4 Tips for Coping with a Breakup
Avoid triggers
There is truth to “out of sight, out of mind”. If there are objects in your immediate vicinity that are constant reminders, best to tuck them away. There’s no need for a dramatic burning ritual or paper-shredder rampage. Just be kind to yourself by avoiding objects that could trigger upsetting feelings.
Don’t doom-scroll
You might be tempted to scroll through old photos and videos and reminisce on the good times. Ultimately, this is a form of self-torture. Like with material reminders, there is no need to delete everything (unless you feel like you need to, for your healing). But try to avoid the trap of doom-scrolling.
We also live in a time where your Instagram Reels and TikTok algorithm knows you’re going through a breakup. Thankfully, the “not interested” button exists.
Spend time with loved ones
Love isn’t exclusive to romantic relationships. When we’ve made our partners our whole world, it’s easy to unintentionally neglect other loved ones in our lives. This is the time to spend time with the people you love and care about.

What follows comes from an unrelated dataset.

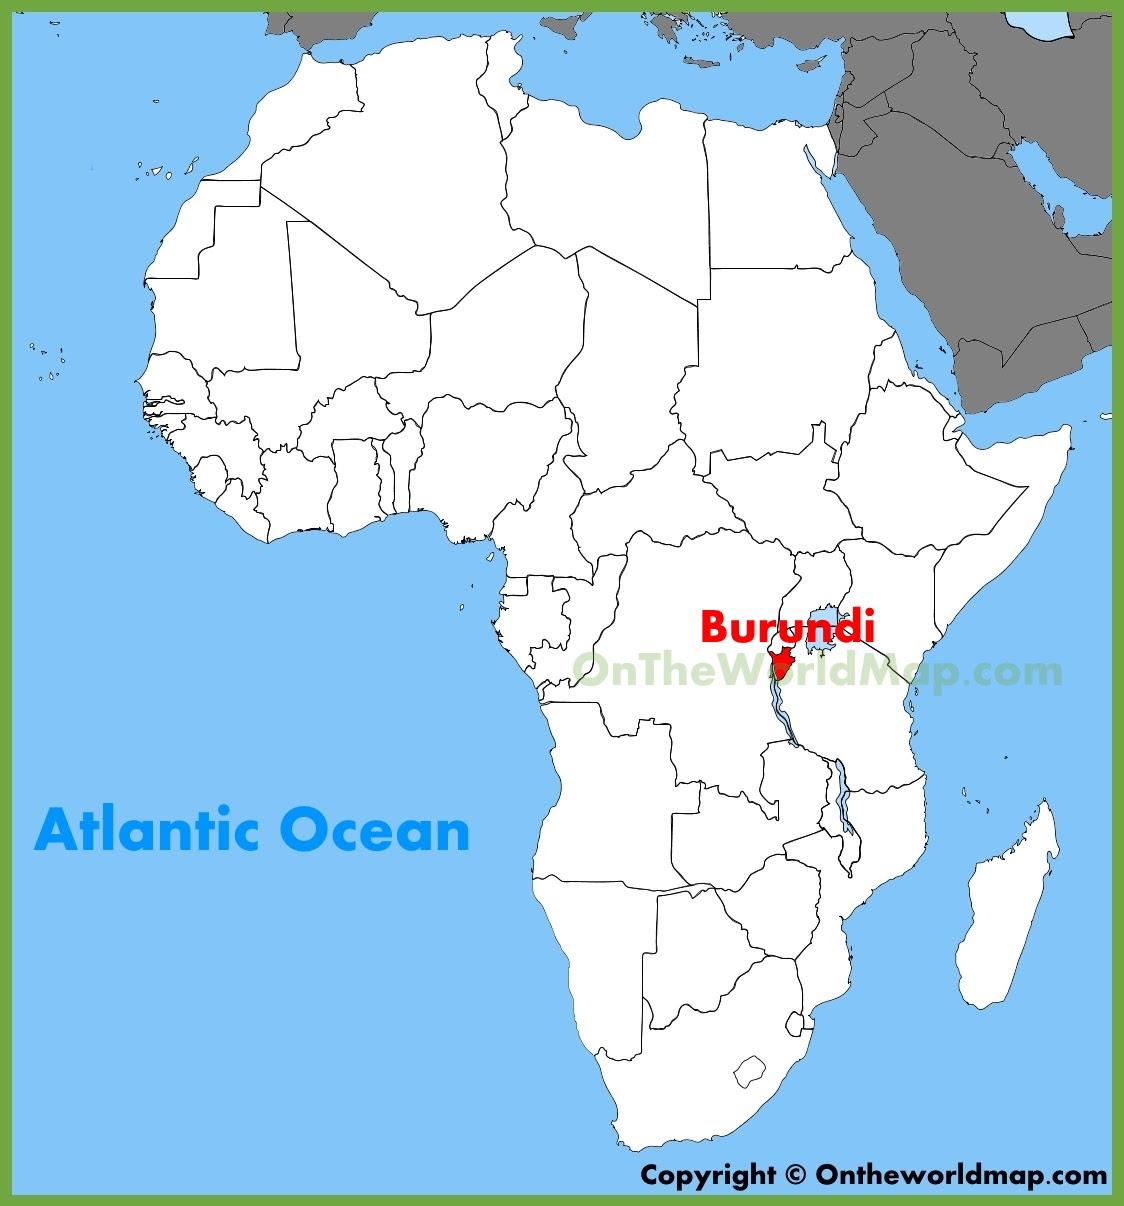 Burundi On The Map Of Africa Jungle Maps: Map Of Africa Burundi

Accept their support, but try to be patient with the advice you receive. There’s no doubt that most of it comes from a place of love, but some of it may not feel as helpful as intended. Patience and compassion, for yourself and the ones you love, are key.
Seek professional help when grieving a breakup
We’ll say it again: breakup grief IS grief, plain and simple. Many licensed therapists work with grieving folks every day and they can help you cope with this difficult transition. And yes, it is extremely common. There is no shame in receiving help to navigate grief of any kind.
You’re not the first or only person grieving a relationship.
This isn’t just a platitude; you’re really not alone.
Relationship grief may alter your sense of identity. For many of us, our partners quite literally felt like our other halves, and without them, you feel like you’re not whole anymore. But with time and the right support, you’ll soon be whole again. You got this.